The mammalian cell nucleus is a membrane-bounded compartment that is filled with self-organizing, interconnected, nanometer-scale machines. Because these machines are made primarily of proteins and act on nucleic acid substrates, we call them nucleoprotein machines. They carry out essential processes of DNA replication, RNA synthesis, pre-mRNA processing, early ribosome biogenesis, RNA transport and DNA damage repair. They can be exceedingly complex – the synthesis and processing of a pre-mRNA, for example, requires precise interaction of hundreds of other RNAs and proteins. Characterization of these machines can be daunting. They assemble transiently, lack a fixed composition, and are often too unstable to isolate for physical analysis. Therefore, significant nanomedicine challenges exist, including:

• To establish the structure-function relationships of each nucleoprotein machine, especially how the machine assemble and disassemble
• To establish signalling and control mechanisms within and between nucleoprotein machines
• To identify engineering design principles shared between nucleoprotein machines of different types

Significant technology development challenges exist in characterizing the dynamics and structure-function relationships of nucleoprotein machines. Most biochemical and cell biological approaches measure average behavior of an ensemble of molecules. They rely on the untested and implausible assumption that each nucleoprotein machine of a given class is uniform in its composition and behavior. It is essential to develop innovative technologies to measure the dynamic behavior of single nucleoprotein machines in living cells to obtain a quantitative description of nanomachines in engineering terms.

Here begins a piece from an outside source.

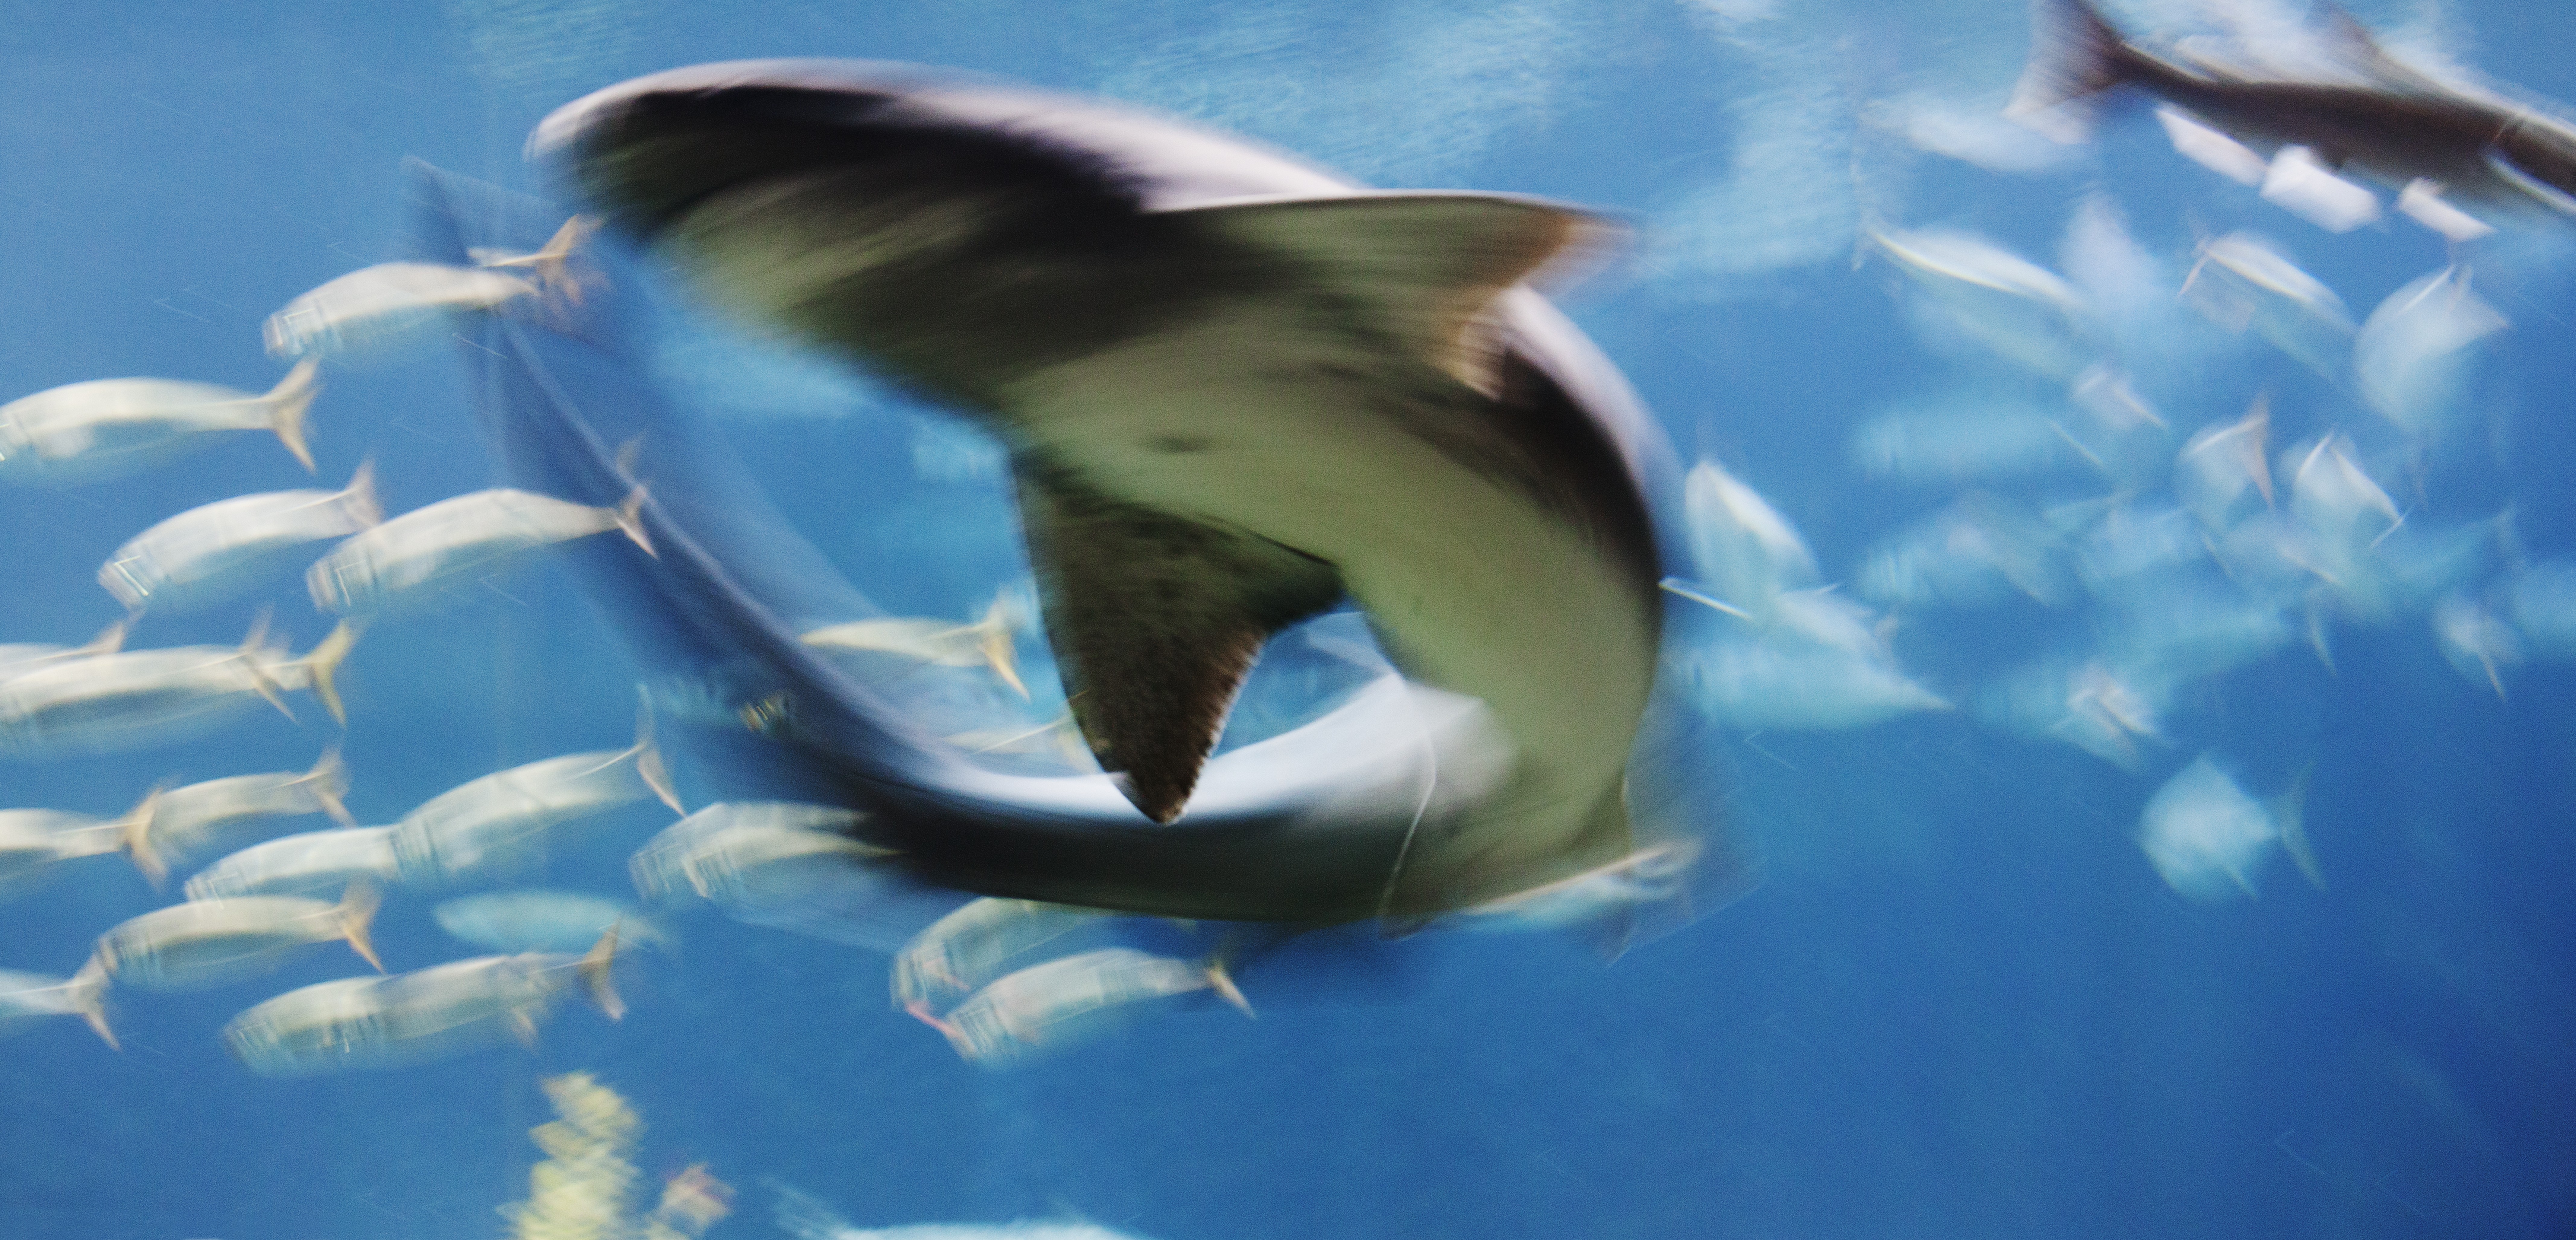 In California the incidence of shark bites is increasing, even while the rate drops. Statistics is fun. Photo by Johnér Images/Corbis

Our short-term goal is to develop technologies to visualize the assembly, function, and disassembly of individual nucleoprotein machines in their natural milieu. The long-term goal is to identify the engineering design principles of nucleoprotein machines, and to precisely modify the information stored in DNA and RNA at the single-molecule level, thus providing genetic cures for common human diseases.

Technology Development.
Visualization of single events in the nuclei of living cells is far beyond the limits of existing technology. A collaboration of biologists, bioengineers, chemists, and computational scientists is required to overcome significant technological challenges relating to this goal. Specifically, we will develop:
•Small (< 5 nm), bright, stable, and biocompatible fluorescent probes
•Orthogonal tagging strategies to attach these probes to individual components of a nucleoprotein machine
•Super-resolution imaging technologies to resolve closely spaced probes (20-50 nm) in living cells • Tools to simulate nanomachine formation, to interpret and quantify the experimental data, and from this data and simulation to identify engineering properties of the nanomachines

The Model System.
Initially we will focus on the machine that repairs DNA double strand breaks (DSB) via the nonhomologous end joining (NHEJ) pathway. Reasons for choosing NHEJ include:
•The NHEJ machine is simple compared with others – it has fewer than 10 core components
•NHEJ occurs within self-organizing structures, or “foci”, that are amenable to live-cell visualization
•Assembly of the NHEJ machine can be induced by a single event – one DSB at a defined genomic site
•NHEJ is relevant to the long-term goal of manipulating DNA and RNA at the molecular level since, in cells of the immune system, this pathway performs precise combinatorial joining of germ line DNA segments to create novel antigen receptor in a process known as V(D)J recombination

Approaches.
To characterize the NHEJ machine, we willl tag 4-6 of its components using the probes and orthogonal tagging strategies developed by the center. We will validate the activity of the tagged proteins in an in vitro system reconstituted from purified components. We will then tag NHEJ components in living cells, induce DSBs in a controlled and synchronous manner, and apply super-resolution optical imaging methods to analyze the size, composition, and kinetics of assembly and disassembly of the NHEJ machine. We will complement these live-cell imaging studies with cryo-electron microscopy in fixed cells, using dual contrast probes and novel sample preparation methods. We will quantify how fast a nucleoprotein machine runs (kinetics), how accurately it works (accuracy/sensitivity), how quickly it changes its form/shape for different tasks (robustness), and how well it is controlled (feedback/control). The tools, methodologies and results obtained in our short-term and long-term studies of DNA repair machines can be generalized to the studies of other biological systems, including RNA synthesis and processing machines.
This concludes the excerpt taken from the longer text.